On the obsolescence of guidebooks; traveling in Myanmar - Hooke
http://www.theparisreview.org/blog/2015/01/28/confoundingly-picturesque/

======
Uehreka
I went to Myanmar a year and a half ago. Easily the most valuable thing I
brought with me was my iPhone, loaded up with iTravel, a free app that
downloads entire countries worth of Wikivoyage entries for offline viewing
(Although I spent most of my downtime reading Orwell's _Burmese Days_ ).

If you're trying to make a point about the uselessness of paper travel guides
in the modern world, you couldn't pick a better destination than Myanmar.
Since the opening of the borders to foreigners in 2012, the economy and the
state of technology has been advancing at a rapid clip.

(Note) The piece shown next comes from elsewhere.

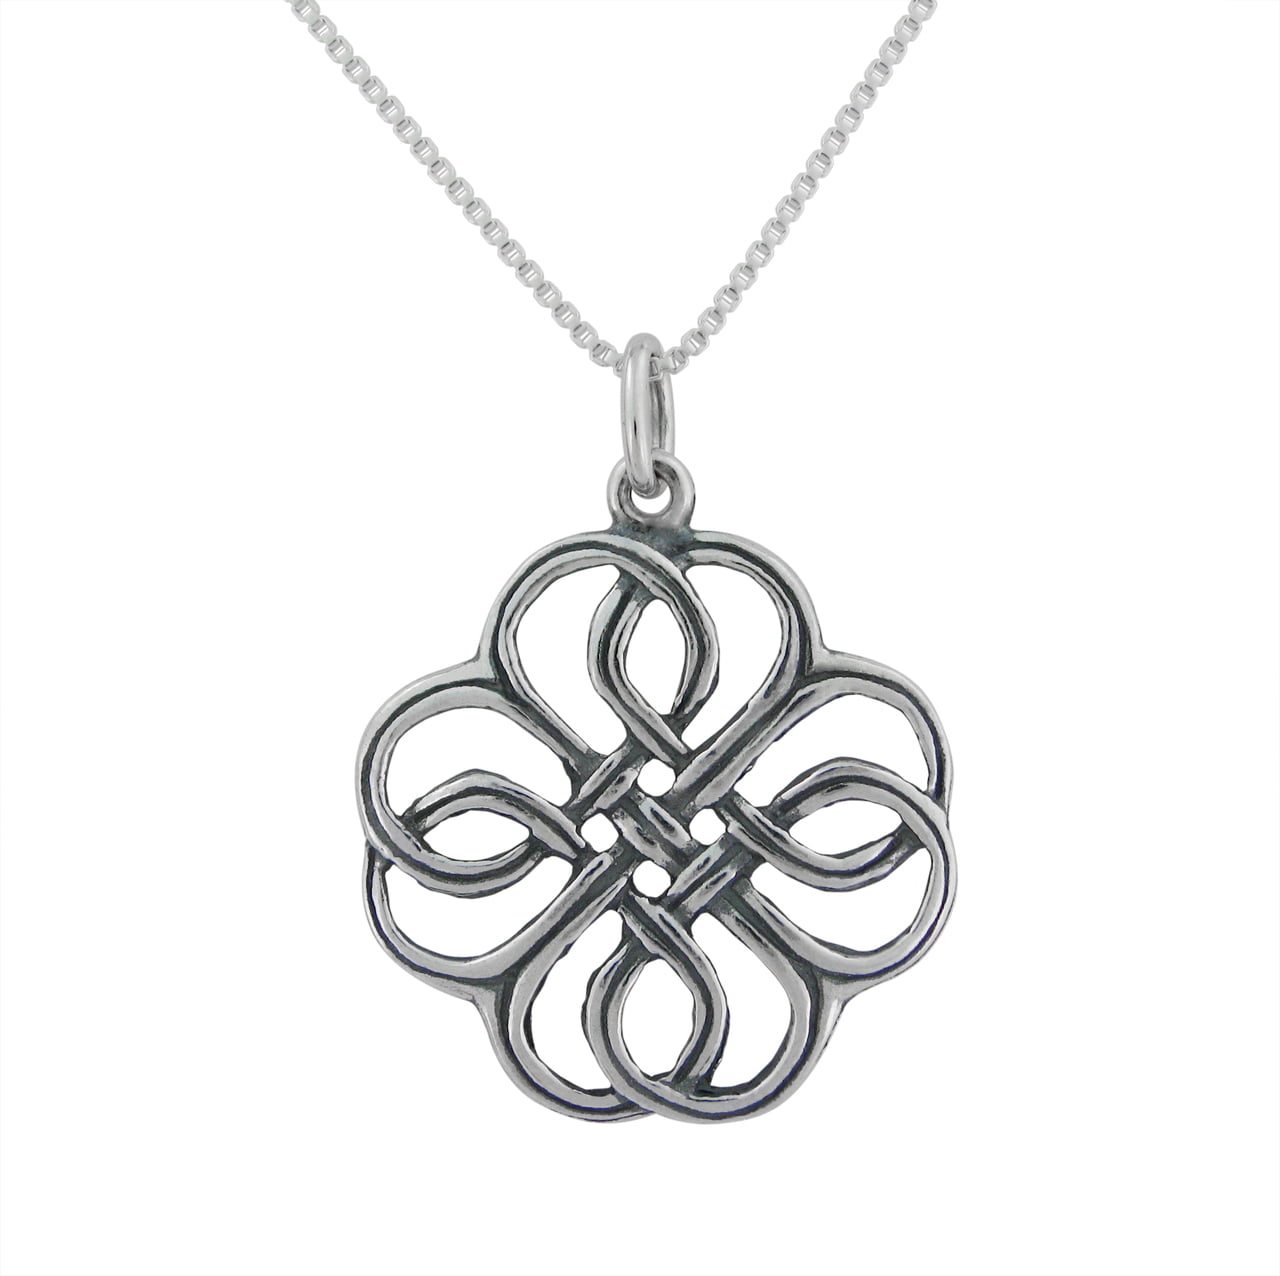 1 1/4 inch tall Sterling Silver Flower Pendant
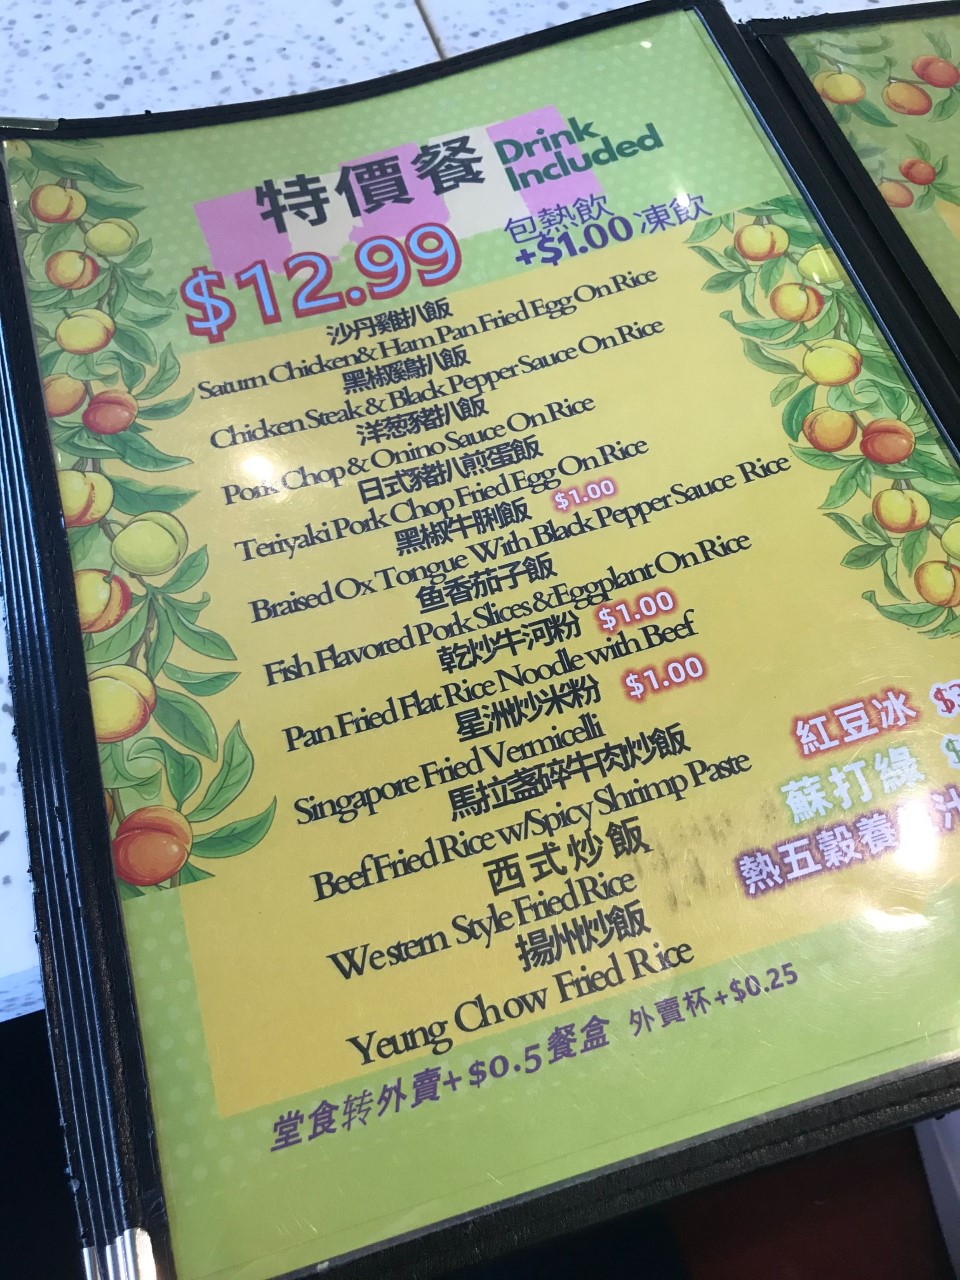 chinese and english food menu decorated with peaches. there is kinds of fried rice, rice with cutlet, stir fried noodles, and all come with a drink for 12.99. there are extra surcharges listed around the menu.

Even WikiVoyage had a hard time keeping up. There was copy in the Myanmar
article stating that WiFi was not available anywhere, and that the only way of
getting on to the internet was through government sanctioned/monitored
internet cafes. When I arrived (10/2013) there was free WiFi in almost every
hotel I stayed at.

My general advice for anyone going to Myanmar is to spend a couple days
getting blown away by Pagan and then do some hiking and shopping around Inle
Lake. But if you want to know how to get around and where to stay, I feel like
I'd be of little use. The best (or at least most advisable) bus routes and
hotels currently running probably opened in the time since I left.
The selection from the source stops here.